If I fit this model Y~ B0 + B1*adstock(X,rate) with nonlinear least squares, I get quite different results than with the code above in Rstan even though I am setting what I think are priors which allow plenty of room to settle on the same estimates as from the nls fit.

In sample at least, the fit is better with nls than Rstan. This lead me to question if my code was correct.

Is it unreasonable to think that the results should be roughly the same? If not should this be considered differences in the algorithms?

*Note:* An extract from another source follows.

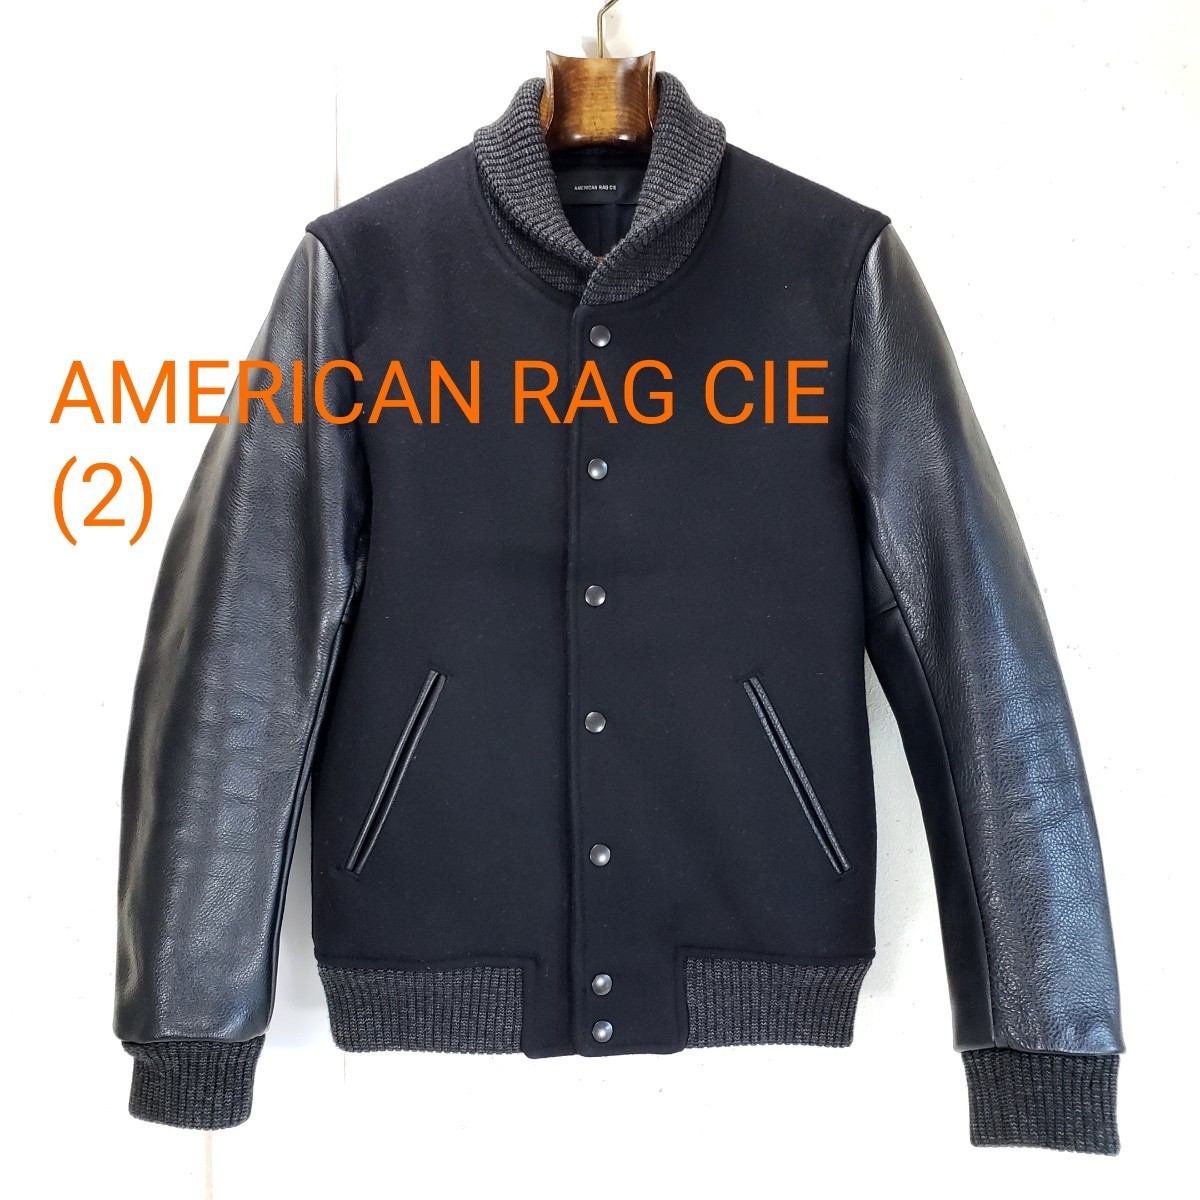 綺麗◆AMERICAN RAG CIE アメリカンラグシー メルトン 牛革 袖革レザー スタジャン メンズ(size 2)黒 ブラック_画像2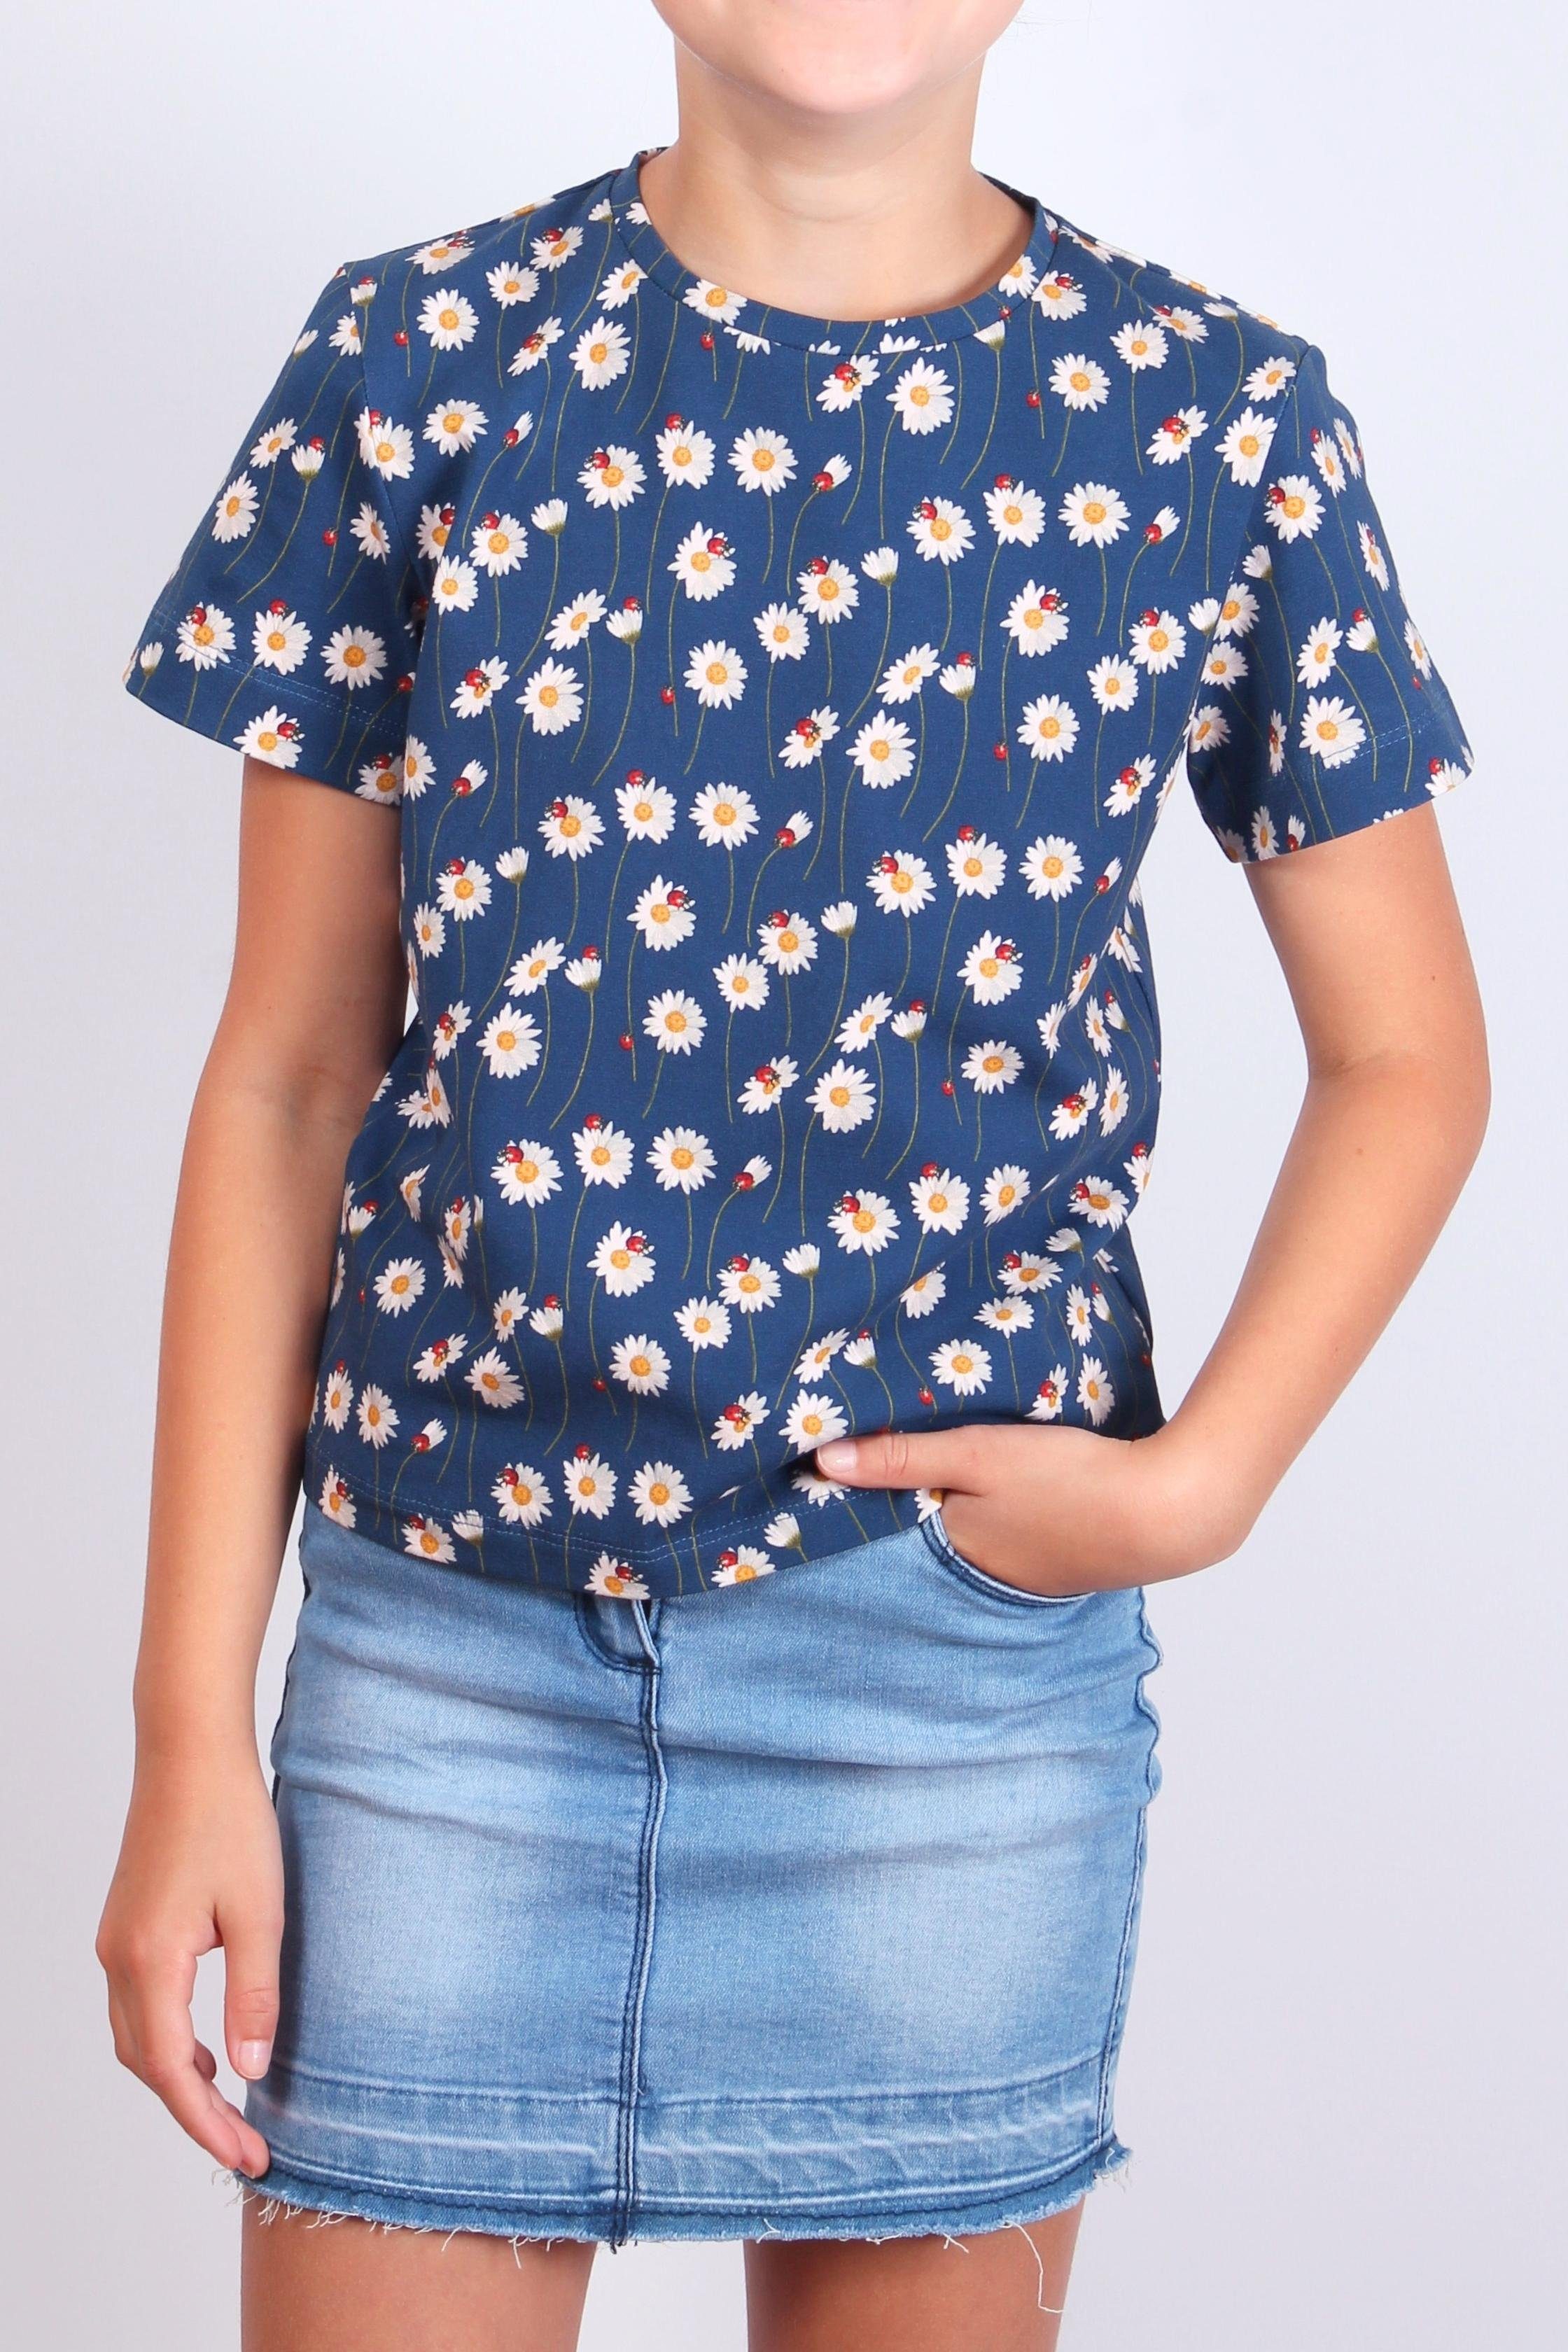 coolismo T-Shirt Print-Shirt für Mädchen Gänseblümchen Baumwolle Rundhalsausschnitt, Alloverprint, mit

I can post the full code and the different results if helpful.

Thanks!

The least squares fit is an optimization, it finds by definition the fit that gives the least squared residual.

Any given sample from the posterior must by definition have either the same or greater squared residual. The posterior shows the whole range of things that are plausible based on your model, the least-squares shows the one point where the squared in-sample residual comes to its lowest value.

So unless you’re seeing wildly different results, it probably is normal.

I am comparing the mean from the Stan fit to the least squares optimization. You can see the rate parameter for example is drastically different. This made me wonder if I was actually fitting the model incorrectly in Stan.

The least squares looks like this:

adstock_loop<-function(x,rate)
{
  adstock_x<- vector(mode="numeric", length=length(x))
  adstock_x[1]<-x[1]

  for (i in 2:length(x))
  {
    adstock_x[i]<-x[i]+rate*adstock_x[i-1]
  }
  
  return(adstock_x)
}


summary(
    nls( Y~b0 + b1*adstock_loop(x,rate),data=dat,
          start     = c(b0=1,b1=1, rate=0.1)
          ,control = list(maxiter=500)
      )
    )

Results:

Parameters:
      Estimate Std. Error t value Pr(>|t|)    
b0   1399.2043   443.4172   3.156  0.00274 ** 
b1      3.4488     1.6995   2.029  0.04788 *  
rate    0.8196     0.1051   7.800 3.86e-10 ***
---
Signif. codes:  0 ‘***’ 0.001 ‘**’ 0.01 ‘*’ 0.05 ‘.’ 0.1 ‘ ’ 1

Residual standard error: 1597 on 49 degrees of freedom

The RStan model:

stan_str_ad=
'

functions {
  


} // end functions


data {
  int<lower=0> N;   // number of observations
  real x[N];       // x
  real Y[N];       // outcome
  
}

parameters {
  real<lower=0.0> b0;          // intercept
  real b1;                   // slope on x 
  real<lower=0.0> sigma;       // sd of error

  real <lower=0.0, upper=1.0> rate; //adstock rate
}

transformed parameters {
  
  matrix[N, 1] adstock_x; //hold new adstock x
  real mu[N];             // linear predictor

//adstock transformation
  adstock_x[1,1]=x[1]; 

  for (i in 2:N)
  {
    adstock_x[i,1]=x[i]+rate*adstock_x[i-1,1];
  }

//linear predictor
  for (n in 1:N) {
   mu[n] = b0+b1*adstock_x[n,1];
  }


}

model {
  
  //likliehood 
    Y ~ normal(mu, sigma);
   // priors
   //b0 ~ student_t(3,0,1);
   //b1 ~ student_t(3,0,1);
   //sigma ~student_t(3,0,1);
   //rate ~ uniform(0,1);

      b0 ~ normal(1500,500);
      b1 ~ normal(0,30);
      sigma ~normal(1500,1000);
      rate ~ uniform(0,1);


}
'
fit2 <- stan(model_code = stan_str_ad, 
            data = list(N=nrow(dat),Y=dat$Y, x=dat$x), 
            warmup = 1000, iter = 2000, chains = 4, cores = 4, thin = 1)


summary(fit2,par=c('rate', 'b0','b1','sigma'))$summary

And these results:

well, hard to say if that’s so dramatically different or not. the mean is 0.656 and the sd is 0.202 whereas the least squares says 0.82 ± .1,

.656+.202 = .858 ~ 0.820

given your priors provide a certain bias upwards for b0 and downward for b1, and given the size of the stdev in the posterior and the stderr in the least squares estimate… it looks more like imprecision than something going wrong.

This seems like it is just adding an interaction between x and its lag, in which case I would QR the design matrix but other than that, it seems like it should be doable.

Its a cumulative decayed function. adstock

What do you think about the estimate from Stan versus nls? Not a sign of an issue if you cant get closer on average (and the issue is just precision)?

Any idea how to code it for panel data?